Now, the Navy plans a significant expansion of its nuclear maritime capacity.

For example, in May 2026, the Maritime Administration (MARAD) launched an initiative to develop Small Modular Nuclear Reactors (SMR) for commercial shipping, and in the navy’s annual 30-year shipbuilding blueprint, it was revealed the new Trump-class battleship (with construction of the first ship targeted for the early 2030s) will be powered by a nuclear reactor.

United States

Program	Type	Status	Scale
Trump-class / BBG(X)	Nuclear-powered surface battleship	New Navy program	3 funded in FY2027-FY2031; 15 planned in long-range profile
Ford-class CVN follow-ons	Nuclear aircraft carriers	Continuing	CVN 80/81 under construction; CVN 82 accelerated; 7 carrier procurements in 30-year plan
Columbia-class SSBN	Nuclear ballistic missile submarine	Program of record	Minimum 12 ships
Virginia-class SSN	Nuclear attack submarine	Continuing	10 funded FY2027-FY2031; 2 per year target
SSN(X)	Next-generation nuclear attack submarine	Design/R&D	Lead boat planned early 2040s
Future SSGN / large-payload submarine	Nuclear guided-missile submarine	Long-range plan	7 shown in long-range procurement profile, subject to review
Commercial SMR vessel/demo	Nuclear merchant ship	MARAD RFI	Single vessel or technology demonstration, no order yet

And, it’s not just America. China is building what is likely to be its first nuclear powered aircraft carrier, and plans one of the largest ever contianer ships powered by a thorium reactor; Russia is building a number of nuclear-powered icebreakers; and France and the UK are planning a series of nuclear submarines (for example, AUKUS).

Uranium rules the waves

The expansion of the nuclear fleet ties maritime security directly to uranium security — making uranium, no longer just a power-sector commodity, but a strategic fuel.

For the US, the implication is clear: secure maritime power will require secure nuclear fuel supply. This means uranium mines, conversion, enrichment and fuel fabrication inside trusted supply chains.

And, as we have highlighted in our recent analysis, this makes Canada’s Athabasca Basin the cornerstone of Western uranium supply and US national security.

How much uranium would a nuclear shipping fleet need?

One nuclear ship will not move the uranium market, but a fleet could.
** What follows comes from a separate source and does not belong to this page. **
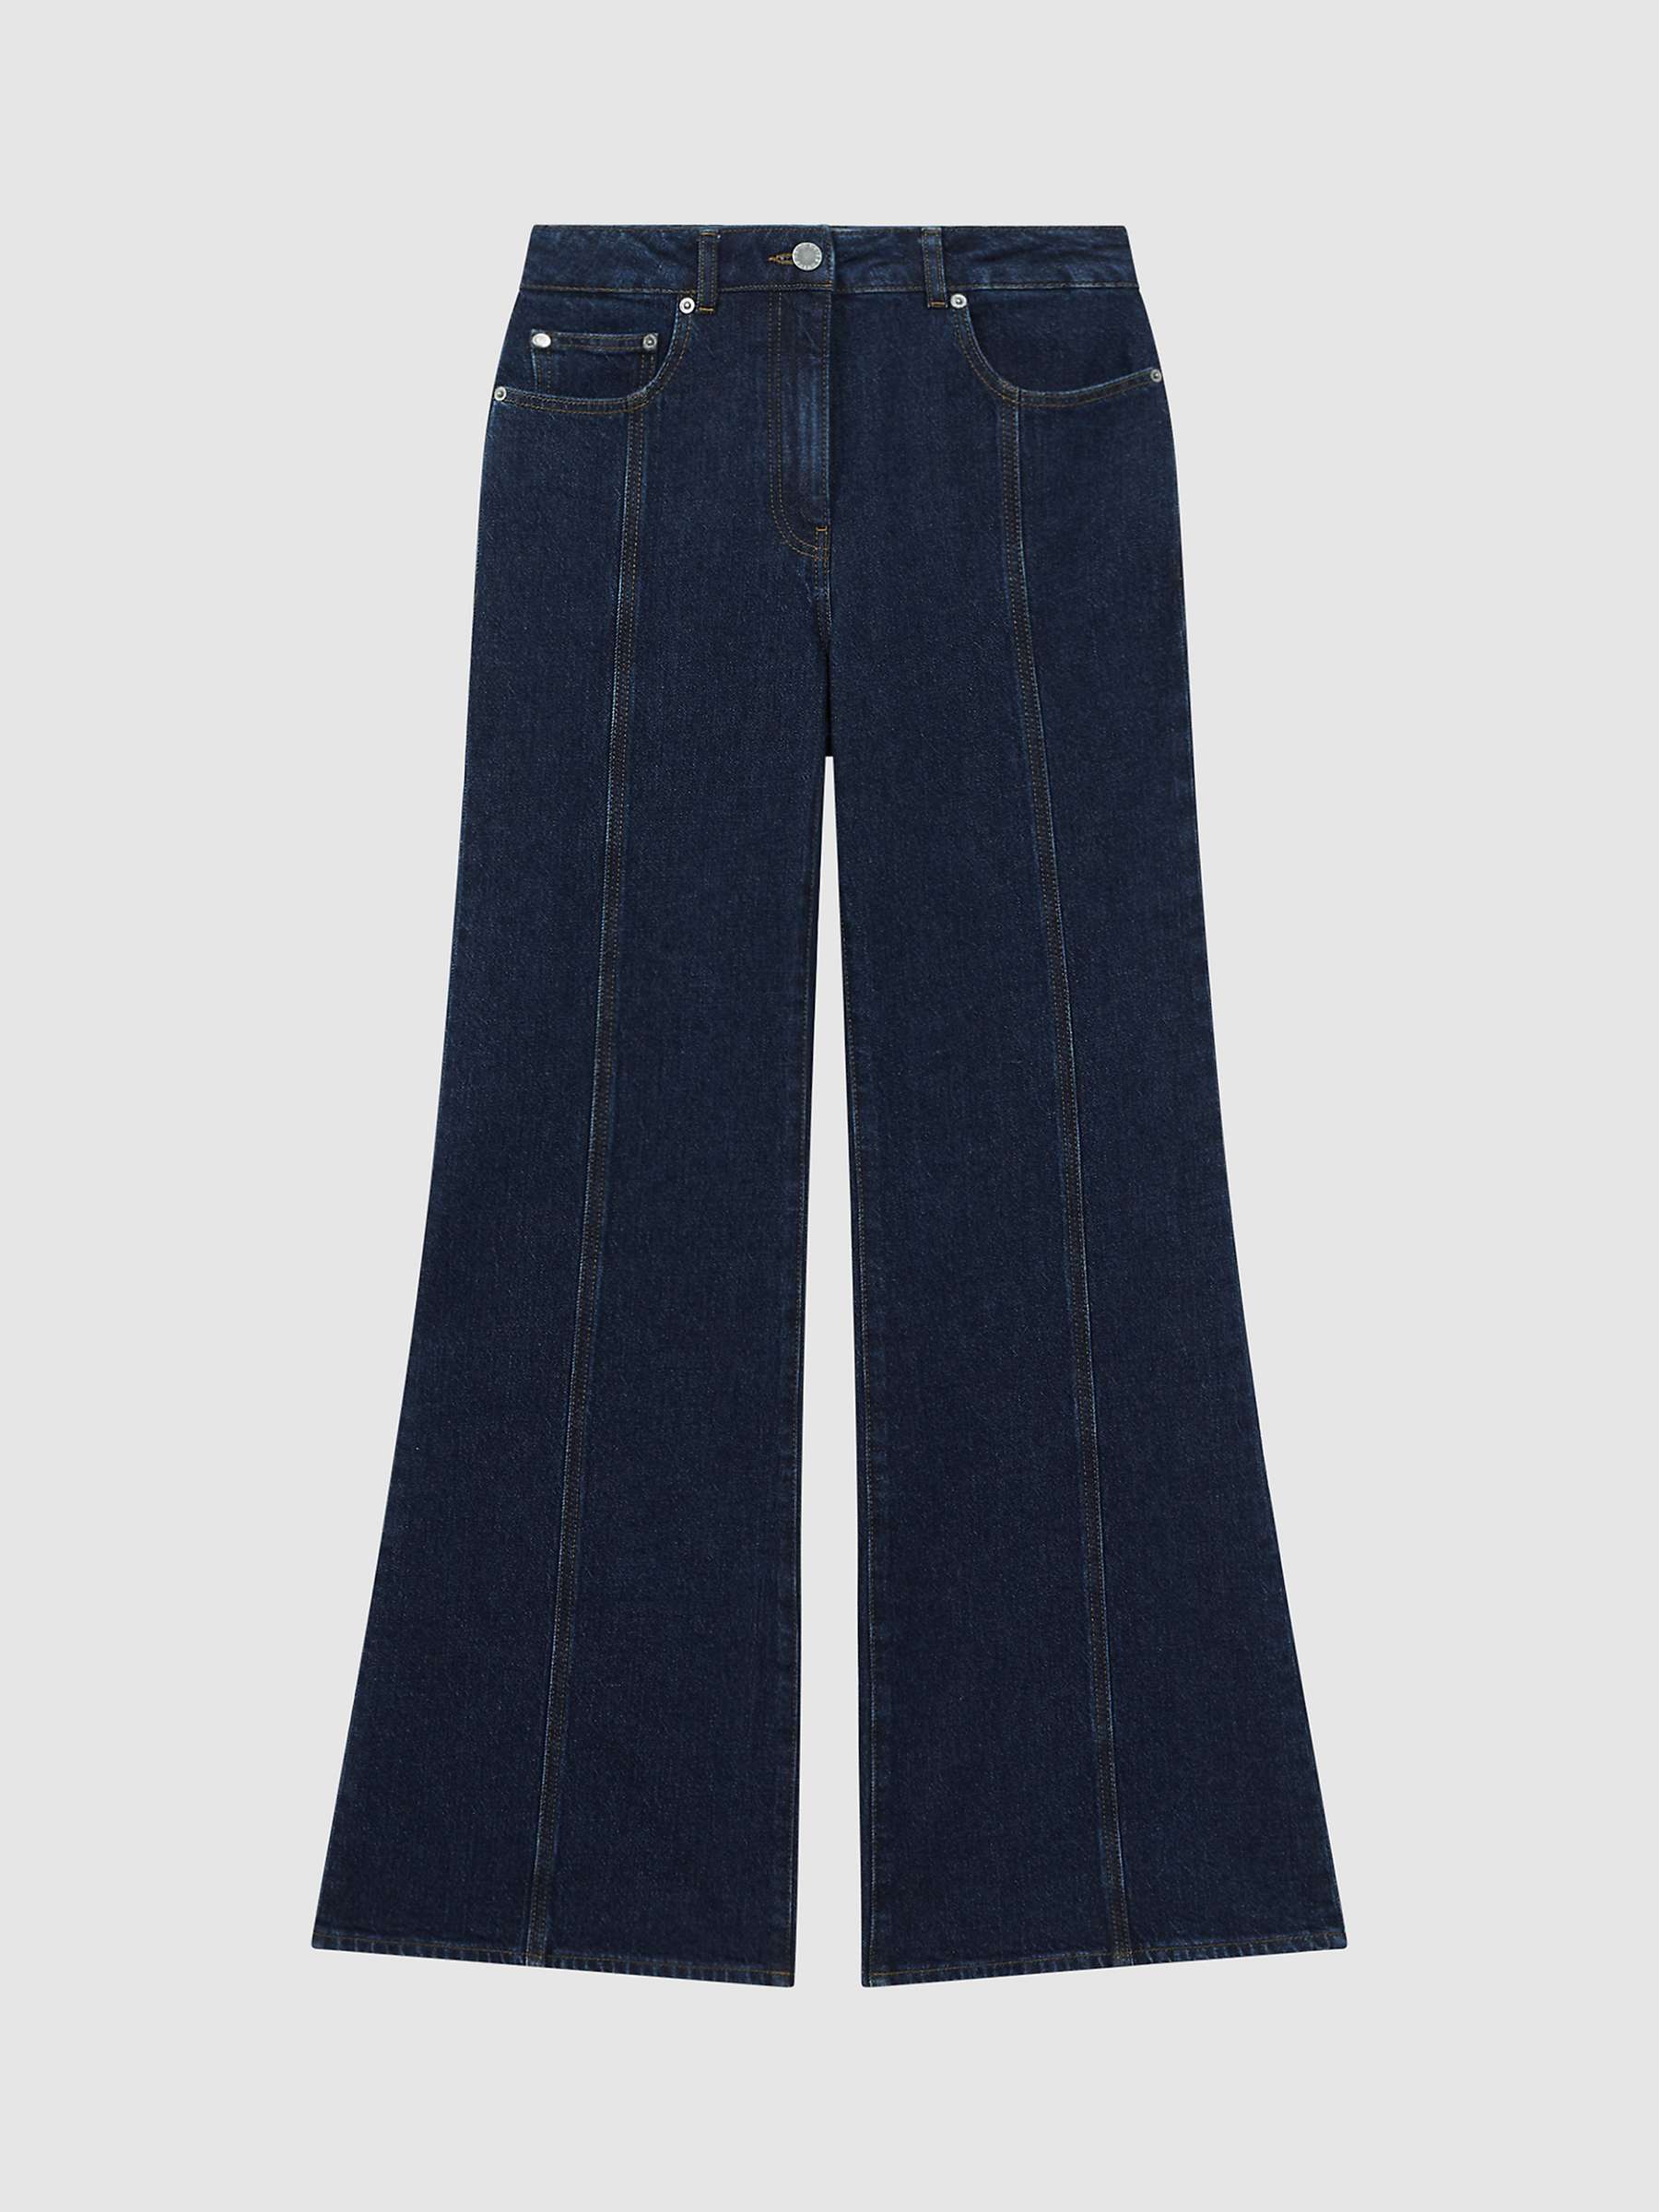 Buy Reiss Petite Juniper Flared Jeans Online at johnlewis.com

If nuclear-powered shipping proves commercially viable (and international port and nuclear regulations are rebuilt to support it), scale would begin to materially affect global uranium demand.
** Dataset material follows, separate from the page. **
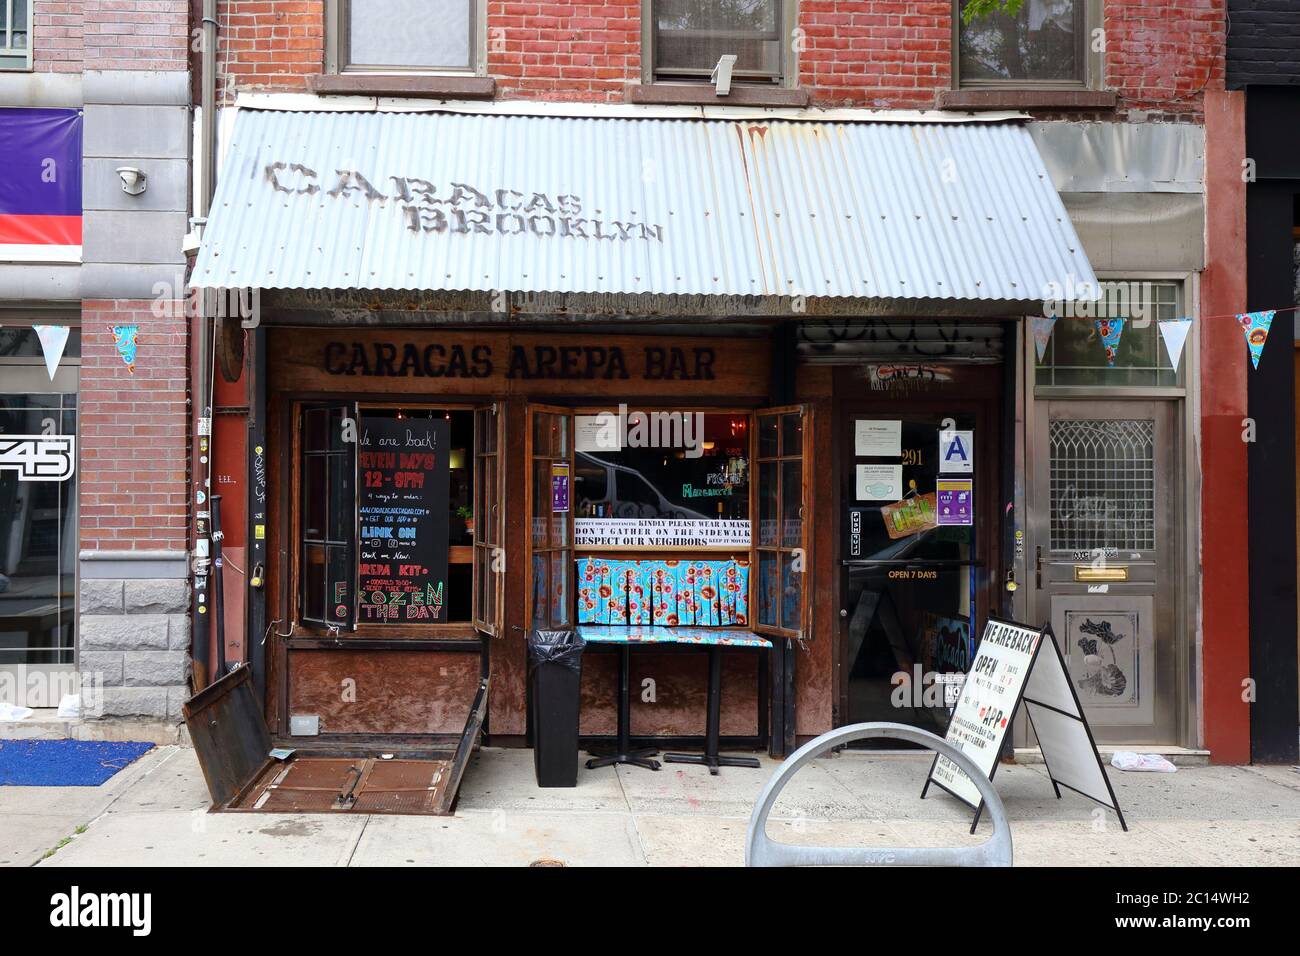 Caracas Arepa Bar, 291 Grand Street, Brooklyn, New York. New York photo d'un restaurant vénézuélien dans le quartier de Williamsburg. Banque D'Images

The first commercial floating nuclear power plants are anticipated in 2030, and the first nuclear commercial ships in 2032.

The numbers are still scenario-based because MARAD has not chosen a reactor design, enrichment level, vessel class or refueling cycle. But the scale can be estimated.

For now, the US commercial effort is not a fleet order. MARAD’s 2026 RFI is for a single vessel or technology demonstration, but it is explicitly asking for a scalable, repeatable SMR model that could apply across the marine transportation system.

The military side is more concrete. The Navy’s latest shipbuilding plan calls for 15 nuclear-powered Trump-class battleships over 30 years, while the original Navy announcement described a new 30,000 to 40,000-ton class of large surface combatants.

For commercial shipping, the best public reference point is the ABS study of a 14,000 TEU container ship using two 30 MW fast reactors over a 25-year lifespan, and HD KSOE’s 15,000 TEU SMR-powered container vessel design capable of 24 knots.

Using World Nuclear Association’s generic reactor fuel requirement of 163 tonnes of natural uranium per GWe-year, a 60-100 MWe nuclear merchant ship would need roughly 200-350 tonnes of uranium over a 25-year life, annualized at 8-14 tonnes per year.

Scenario	Annualized uranium demand	25-year uranium equivalent	Supply-chain impact
1 ship, 60 MWe	~8 tU/year	~208 tU	Negligible
1 ship, 100 MWe	~14 tU/year	~346 tU	Negligible
100 ships, 60 MWe	~831 tU/year	~20,800 tU	~1.4% of 2024 global mine supply
100 ships, 100 MWe	~1,386 tU/year	~34,600 tU	~2.3% of 2024 global mine supply
500 ships, 100 MWe	~6,928 tU/year	~173,000 tU	~11.5% of 2024 global mine supply

a 100-ship nuclear commercial fleet would require the equivalent of 6-10% of Canada’s 2024 uranium output each year, depending on reactor size (note, there are more than 7000 container and roro ships globally, so 100 ships is only 1.4% of the global fleet).
a 500-ship fleet at 100 MWe would require nearly half of Canada’s 2024 mine production if supplied entirely from Canadian uranium in 2024

Are these numbers fantastical?

A study by consulting firm Roland Berger in 2025, commissioned by offshore shipping company Allseas, estimates potential for deploying 700 small modular nuclear reactors across the global maritime sector by 2050.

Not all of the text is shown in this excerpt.